Regarding the physical/environmental threats, the findings showed that the network cable disconnection had the highest probability of occurrence. Therefore, it is necessary to identify and control the underlying causes of risks to be able to control the consequences. For example, in case of fire, the use of standard server rooms, automatic power outages systems, and fire and smoke alarms can be useful. Moreover, renewing network infrastructure and modernizing cables, continuous monitoring, personnel training, and using high quality equipment are recommended. To improve the physical/environmental safeguards, the use of video surveillance, expert security staff, intrusion detection systems, innovative architectural and engineering approaches are also suggested to avoid external agents and unauthorized staff access to the data centres [30]. Finally, it can be concluded that hospital managers, information technology managers and other policy makers should work together and address the security gaps existing in the hospitals in order to plan properly and to avoid information security challenges in the future.

5. LIMITATION

The current study had some limitations. First of all, in this study data were collected from the hospitals located in north-west of Iran. While the results of this research might be only considered relevant to the settings of the study, the transparency of the research method can help other researchers to investigate information security threats in other settings or other countries.

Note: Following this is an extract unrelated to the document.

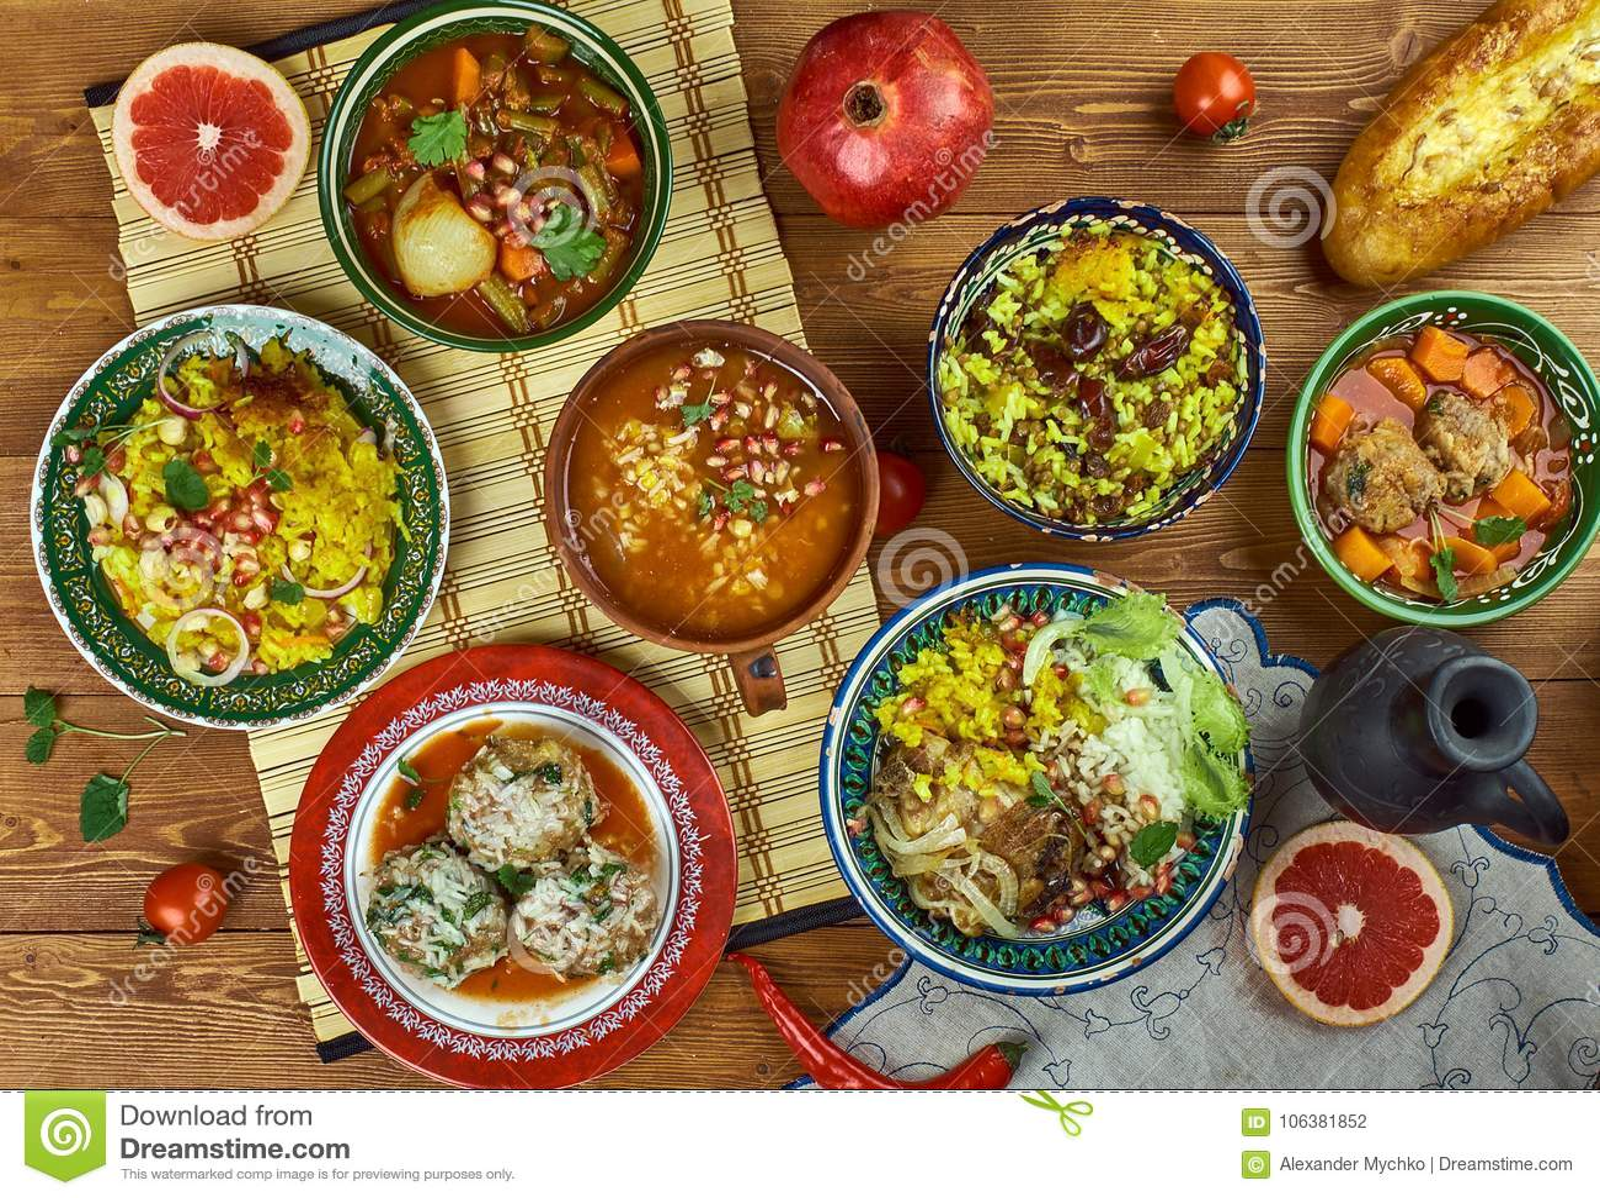 Cuisine Iranienne | Cuisine Iranienne Photo Stock Image Du Adas Assiette 106381852

Another limitation might be related to the limited number of the participants. In fact, due to the time and financial constraints, the study was completed in one of the north-west cities of Iran. To ensure the appropriateness of the questionnaire and to be able to compare the probability and impacts of threats, conducting future research with a bigger sample size and in other settings is recommended.

CONCLUSION

In this study, health information security risk analysis was conducted. Among the information security risks, fire found to be a high probability/high impact risk factor. Human and physical/environmental threats were among the low probability risk factors. The high probability risk factors require quick corrective actions to be taken. Therefore, the underlying causes of such threats should be identified and controlled before experiencing adverse effects. It is important to note that information security in health care systems needs to be considered at a macro level with respect to the national interests and policies.

ETHICS APPROVAL AND CONSENT TO PARTICIPATE

Not applicable.

HUMAN AND ANIMAL RIGHTS

No Animals/Humans were used for studies that are base of this research.

CONSENT FOR PUBLICATION

Not applicable.

CONFLICT OF INTEREST

The authors confirm that article content has no conflict of interest.

ACKONWLEDGEMENTS

This work was supported by Iran University of Medical Sciences [IUMS/SHMIS_92/593].